Quem vigia os algoritmos para que não sejam racistas ou sexistas?

Manuel Pascual – El País

Imagine que fosse possível saber as probabilidades de que um recém-nascido vá ser maltratado durante seus primeiros cinco anos de vida. Valeria a pena investir recursos para ter essa informação? Certamente, seria útil para os serviços de assistência social: ter uma lista das crianças com maior risco permitiria monitorar sua situação.

Foi essa visão que impulsionou o desenvolvimento, na Nova Zelândia, de um sistema que, com base em 132 variáveis (idade dos pais, saúde mental, antecedentes criminais, beneficiários ou não de ajudas…), dava uma pontuação sobre as possibilidades que os recém-nascidos tinham de sofrer maus-tratos. O programa foi divulgado em 2014 e encerrado no ano seguinte, graças a uma investigação que demonstrou que o sistema errava em 70% dos casos.

O motor desse programa era um algoritmo, ou seja, uma receita ou conjunto de instruções que se aplica em um conjunto de dados de entrada para resolver um problema. Você pode achar que o mais perto que está em sua vida diária de um algoritmo é quando faz uma busca no Google. Ou quando o Spotify descobre uma banda que combina com seus gostos musicais. Nada disso: nadamos entre eles. Muitas vezes, é um algoritmo que decide se você merece ou não uma oferta de trabalho interessante. Ou se é conveniente para um banco conceder-lhe um empréstimo.

Os algoritmos estão em todos os lados.
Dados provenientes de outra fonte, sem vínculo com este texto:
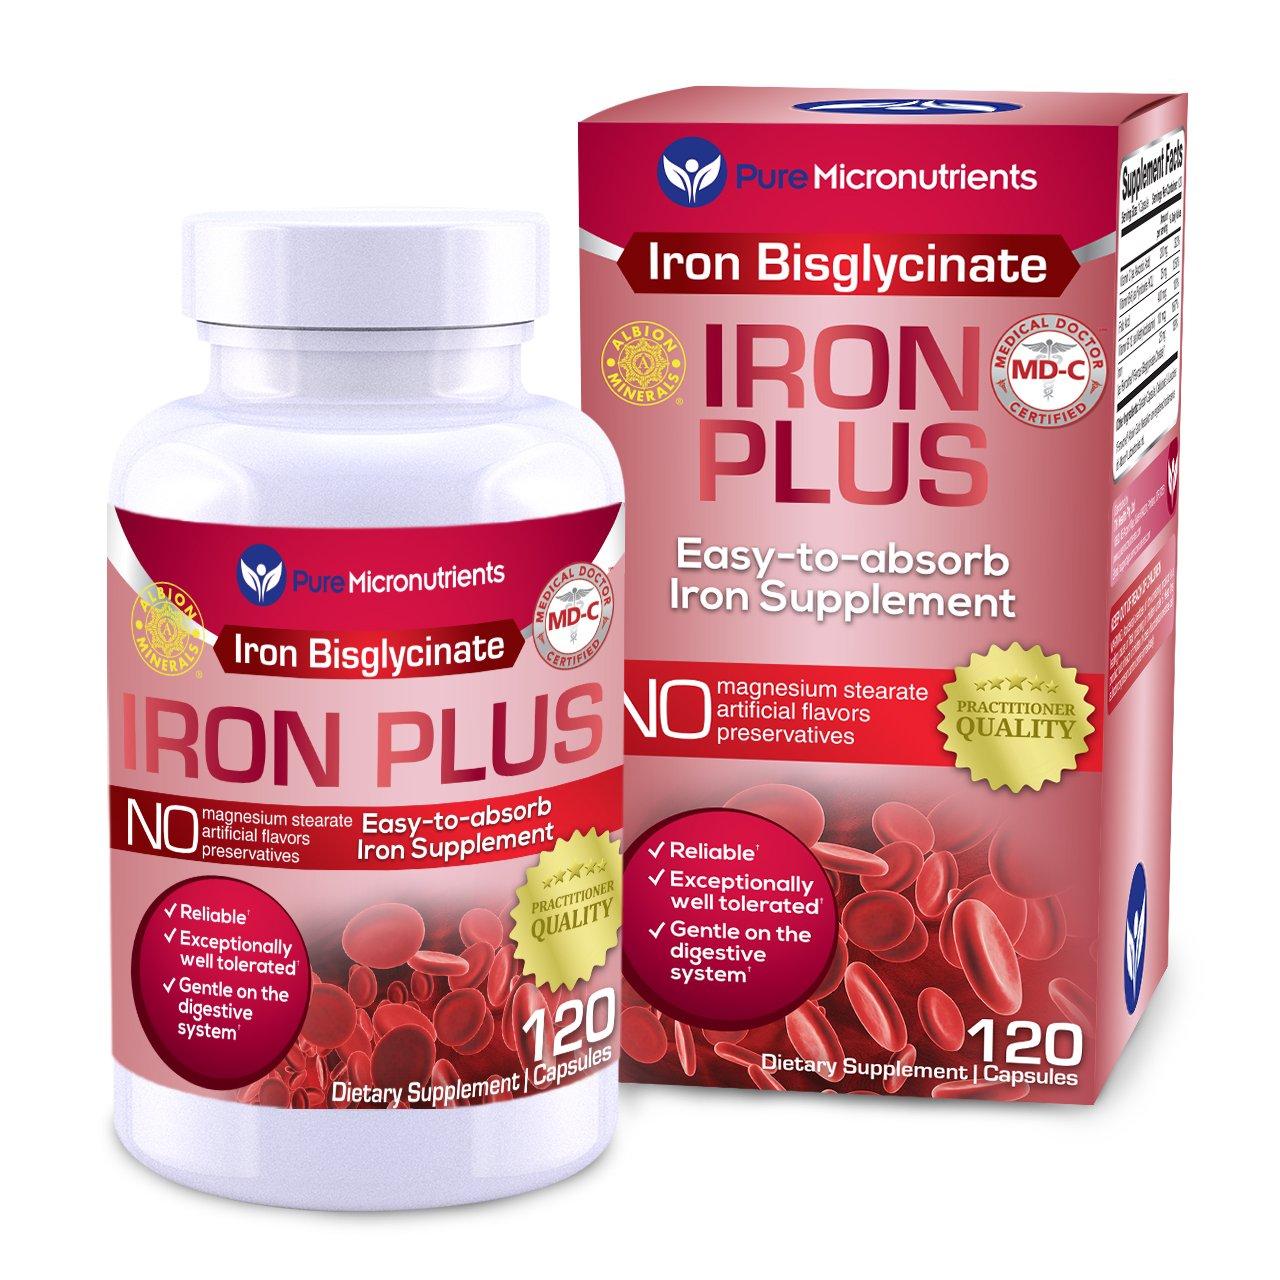 Pure Micronutrients Iron Plus Supplement, Natural Ferrous Chelate, Bisglycinate 25mg + Vitamin C, B6, B12, Folic Acid, 120 Count

O exemplo da Nova Zelândia coloca duas questões de peso na mesa. Em primeiro lugar, eles não são usados apenas por empresas privadas: as instituições públicas também recorrem a eles para tomar decisões relevantes. Em segundo lugar, os algoritmos erram, e esses erros podem arruinar sua vida.

A matemática e ativista Cathy O’Neil diz que os algoritmos são “opiniões fechadas em matemática”. Dependendo de quem construa esses modelos, quais variáveis leve em conta e com que dados os alimente, o resultado será um ou outro. “Geralmente achamos que os algoritmos são neutros, mas não é assim. Os vieses são estruturais e sistêmicos, têm pouco a ver com uma decisão individual”, explica Virginia Eubanks, professora de Ciências Políticas da Universidade de Albany (Nova York) e autora de Automating Inequality (“automatizando a desigualdade”), um livro que investiga os vieses socioeconômicos dos algoritmos com um subtítulo significativo: How High-Tech Tools Profile, Police, and Punish the Poor (“como as ferramentas tecnológicas perfilam, controlam e punem os pobres”).

Eubanks fala em seu livro do sistema da Nova Zelândia citado e de muitos outros em funcionamento nos Estados Unidos. Um deles determina quem dos 60.000 sem-teto de Los Angeles tem direito a receber ou não alguma ajuda pública; outro, supostamente projetado para conceder benefícios sociais de maneira objetiva em Indiana, teve de ser fechado quando se descobriu que encorajava cortes de verbas do Governo, que coincidentemente estava com um orçamento apertado, ao deixar fora do sistema contribuintes que reuniam os requisitos para receber os benefícios.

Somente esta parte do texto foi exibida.